Dr. Natalia Rodriguez
Title: Assistant Professor, Department of Public Health and Weldon School of Biomedical Engineering, Purdue University; Associate Director of Population Health and Health Equity, Regenstrief Center for Healthcare Engineering
Education: B.S., chemical engineering, Massachusetts Institute of Technology; B.S., biology, Massachusetts Institute of Technology; M.S., engineering, the University of Pennsylvania; Ph.D., biomedical engineering, Boston University; and M.P.H., global health, Harvard T. H. Chan School of Public Health
Career mentors: Catherine Klapperich, Boston University; Adriana Velazquez Berumen, World Health Organization; and Erin Kobetz, University of Miami
Words of encouragement/wisdom: Be very intentional about what you choose to take on and how you choose to spend your time. Remember that ‘No’ is a complete sentence.
As a biomedical engineer focused on community healthcare, Dr. Natalia Rodriguez, assistant professor of public health and biomedical engineering at Purdue University, has turned her distinguished scientific background toward addressing issues such as homelessness, cancer, and HIV in underserved communities.
With five STEM degrees collectively from MIT, the University of Pennsylvania, Boston University, and Harvard University, and an abundance of refereed publications and grant-supported research, Rodriguez has chosen to focus on community-based, action-oriented projects.
They include developing a rapid diagnostic screening test for cervical cancer and building partnerships between the community and academia to address housing inequities and the impact of COVID-19 on people experiencing homelessness.
Rodriguez is “a scholar who exemplifies excellence in research, community engagement, and teaching,” wrote Dr. Marion Underwood, dean of Purdue’s College of Health and Human Services, in nominating Rodriguez to become a 2023 Emerging Scholar.

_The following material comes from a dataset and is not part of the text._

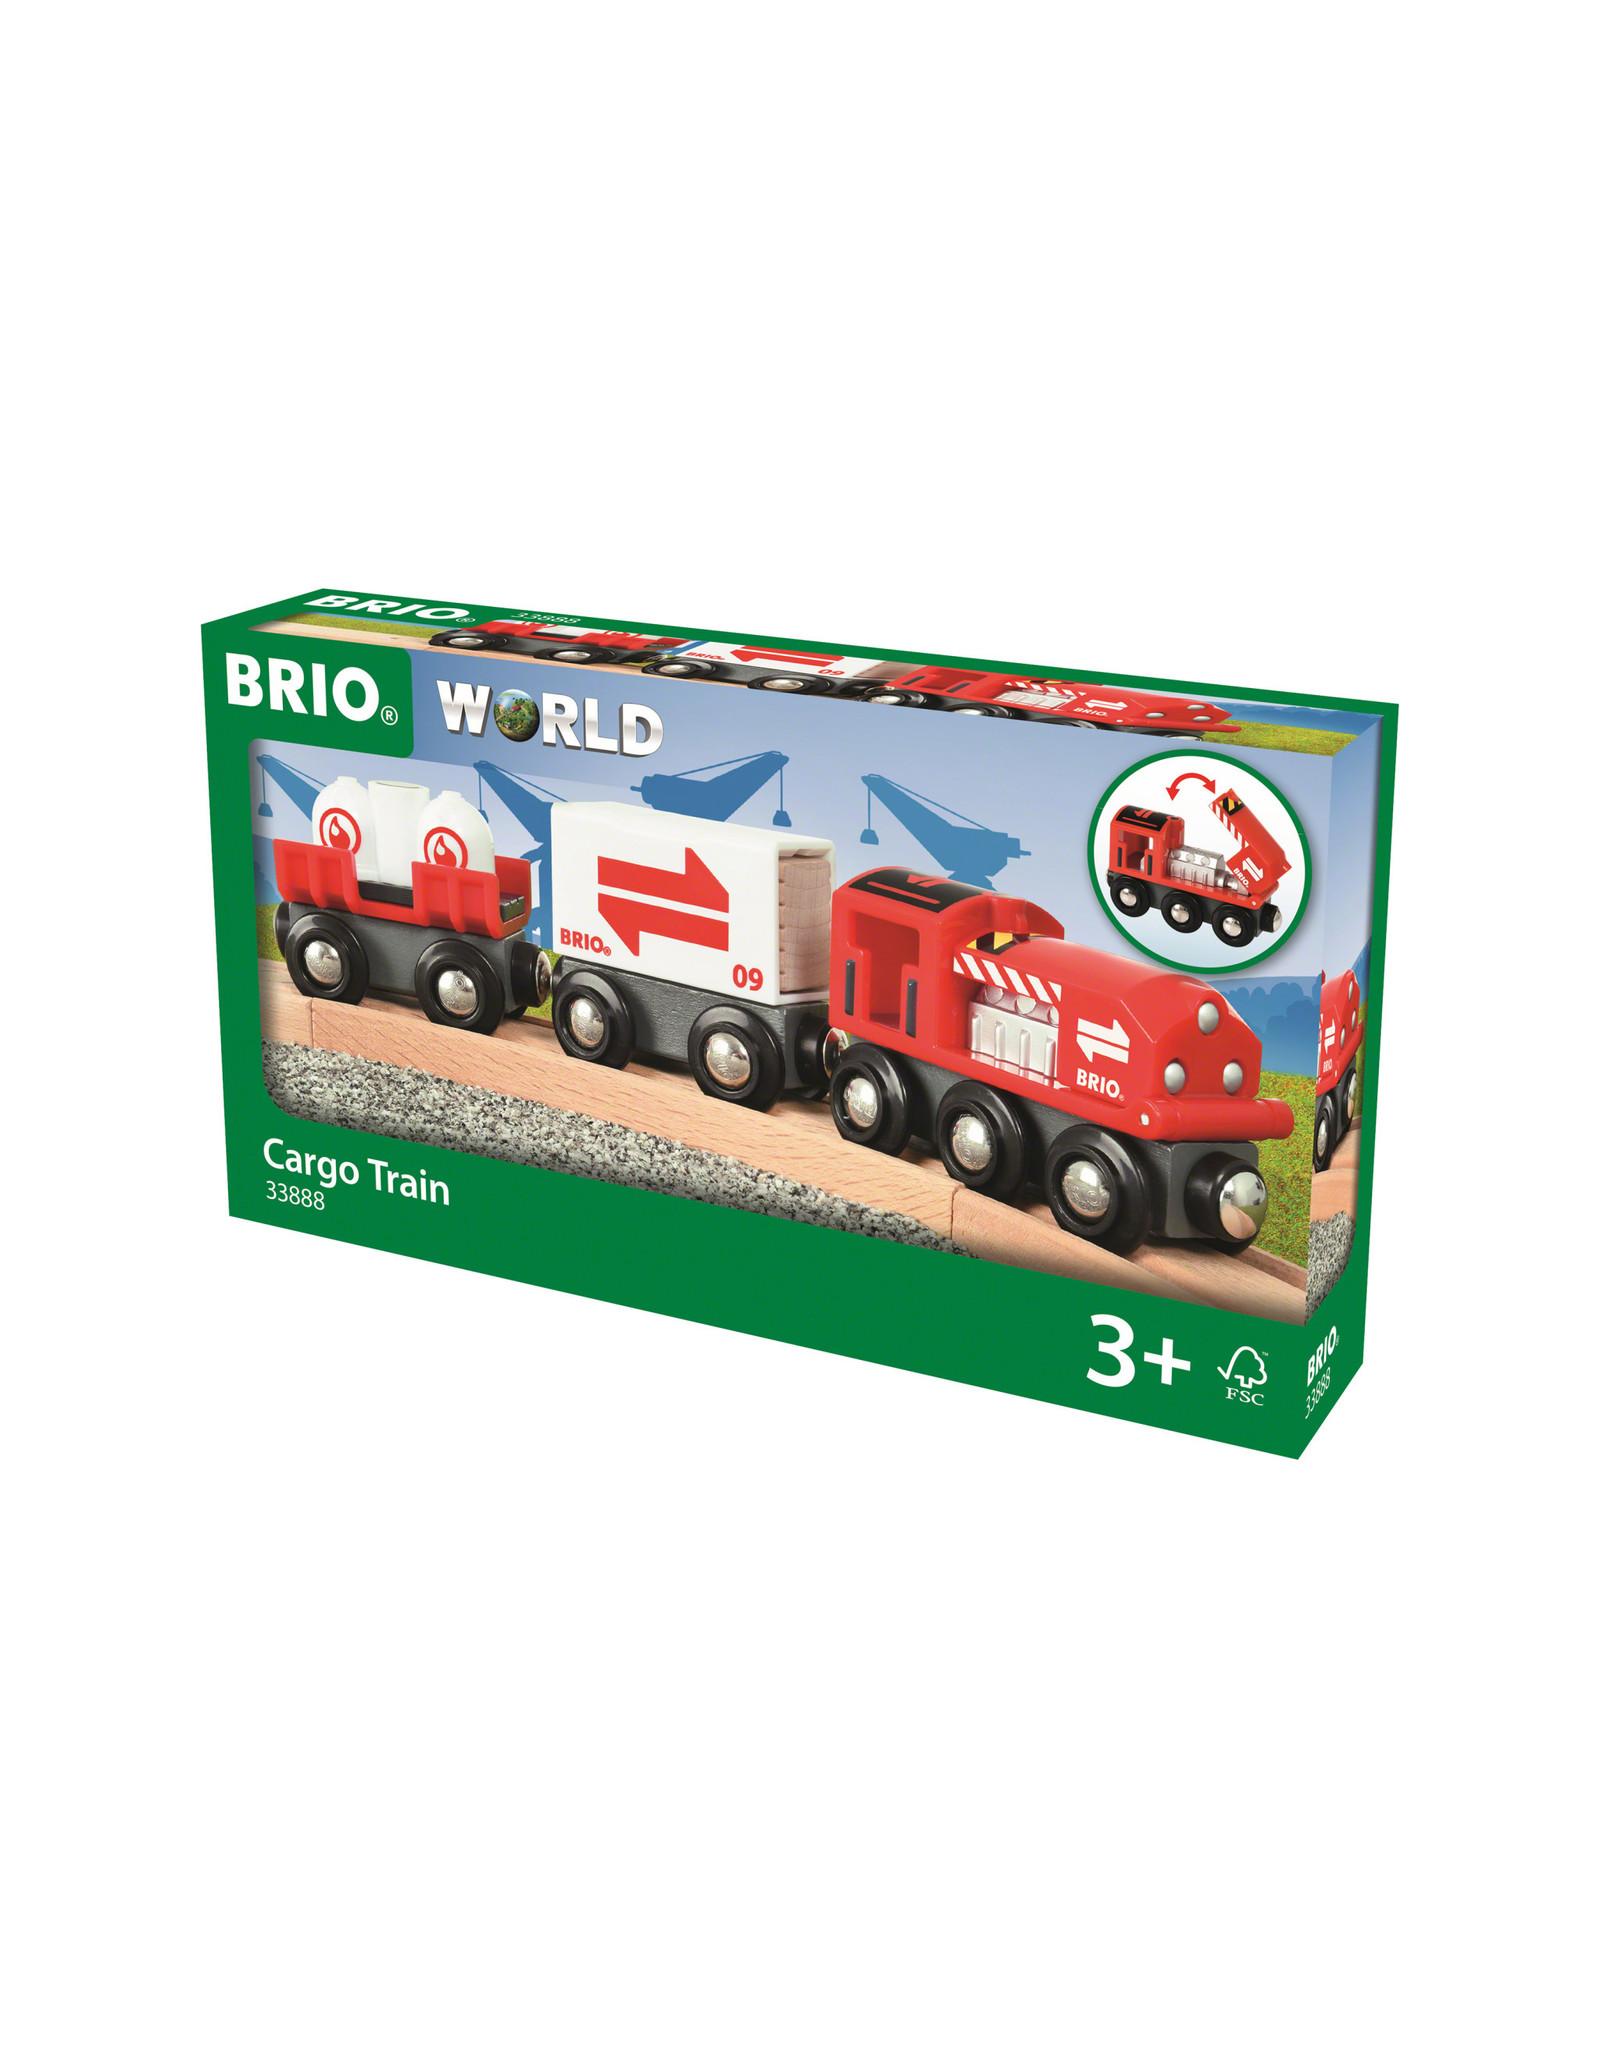 BRIO CORPORATION Cargo Train

“Engineers generally want to make cool new technologies and oftentimes they don’t really go anywhere,” Rodriguez said. “They never leave the lab to actually help people because the technologies are often disconnected from real world needs.” She adds that she has sought “to design technologies that are meant to bridge those gaps in access to care.”
Rodriguez’s primary research project is supported by a five-year National Institutes of Health-National Cancer Institute Mentored Research Scientist Development (NIH-NCI K01) award and focuses on the development of a rapid diagnostic test for human papillomavirus, or HPV, to enable community-based screening for cervical cancer. Additionally, in 2019, Rodriguez received an NIH/NCI Mentored Research Scientist Career Development Award, and she was awarded numerous other honors and grants dating back to her time at MIT, where she received three undergraduate research grants and awards. In 2021, she received Purdue’s Award for Exceptional Teaching and Instructional Support during the COVID-19 Pandemic.
Rodriguez’s research combines three major areas of work: 1.) community-based participatory research in underserved communities; 2.) human-centered design of health technologies; and 3.) training of community health workers in various aspects of the procedures. Rodriguez is applying this model to inform the implementation of a rapid HIV test for people who inject drugs.
“I work to bring health technologies from the lab to the people, and I also work to bring the needs, the priorities and the strengths of communities back to engineers so they know who they’re designing for,” Rodriguez said. “This bi-directional dialogue, I think, has made for better technologies because we’re co-designing these things now with communities in need of them.”
Underwood points out that Rodriguez co-developed a graduate global health course, an undergraduate pandemics course and an Honors College course on engineering health, and she “actively mentors” an interdisciplinary team of graduate and undergraduate researchers.
It’s this work that Rodriguez said will be part of her future academic endeavors. “I have a team of undergraduate and graduate students who are all interested in addressing health disparities. … So, I think where I go from here is mentoring the next generation of people who can think across disciplines and work with different kinds of scientists.”
As for her own research, “The next step, the dream, is … developing the next generation of that cervical cancer test in ways that involve community health workers, homeless individuals, community organizations and health clinics,” she said. And over the long term, she plans to “keep on keeping on, keep engaging communities in meaningful ways, having them [play] a key role in designing their own health interventions and technologies and preaching about this to engineers who are starting to get it and who are starting to understand human-centered design.”